"Like I've said before, if you're going to take down a botnet you have to take out the criminals at the top. It's the only way. Taking out the infrastructure they depend upon for distributing new infectious material and C&C is a disruption technique -- a delaying tactic if you will, and maybe an evidence building process if you're lucky," Ollmann said in a blog post today. "In the case of P2P-based botnets, there's very little infrastructure you can get your hands on -- and you'll probably end up having to issue commands to botnet victim devices -- which is fraught with legal and ethical problems."
[ Microsoft continued its aggressive legal tear against botnets with a new operation for which the software giant successfully seized some command-and-control (C&C) servers run by cybercriminals using Zeus and its related crimeware. See Microsoft, Financial Partners Seize Servers Used In Zeus Botnets. ]
And even if security vendors are able to successfully knock out a C&C infrastructure, it's meaningless unless they also remove the infection vector, according to Ollmann. "Even if you're lucky enough to be able to take out the C&C infrastructure or mechanism of communication, if you don't take out the infection vector -- the mechanisms of distributing new crimeware variants -- you've achieved very little. As evidenced by the most recent Kelihos botnet takedown attempt, the criminals retained their primary distribution system and are already accumulating thousands of new victims per day with their latest Kelihos-variant campaign," he wrote.
Kaspersky's Preuss, meanwhile, maintains that even a temporary shutdown of a botnet is helpful in the fight against botnets. "It would be naive to believe they would not continue to create new botnets for malicious use. Our sinkholing operations for Hlux A and B have shown that our countermeasure efforts are successful, even if it's just a temporary way to slow the group down," he says.

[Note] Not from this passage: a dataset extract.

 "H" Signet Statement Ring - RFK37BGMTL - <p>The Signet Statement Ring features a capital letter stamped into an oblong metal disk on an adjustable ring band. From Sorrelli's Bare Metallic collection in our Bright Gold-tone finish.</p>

But the big prize is the bad guys, he notes. "The only way to permanently shut down botnets is to arrest and prosecute the creators and groups operating them. This is a difficult task because security companies encounter different federal policies, jurisdictions, and legal processes in various countries where botnets are located. This causes the law enforcement investigations and legal process to be a long and arduous process," Preuss says. "The only way to accelerate this process is by having more international law passed that supports closer collaboration between cybersecurity professionals, law enforcement, and legal systems."
Meanwhile, Seculert reports that the majority of the infected Facebook users are from Poland and the U.S. -- a trend that was seen with the machines Kaspersky and CrowdStrike grabbed. Some 54 percent of the Facebook infections are in Poland, and 30 percent in the U.S., according to Seculert.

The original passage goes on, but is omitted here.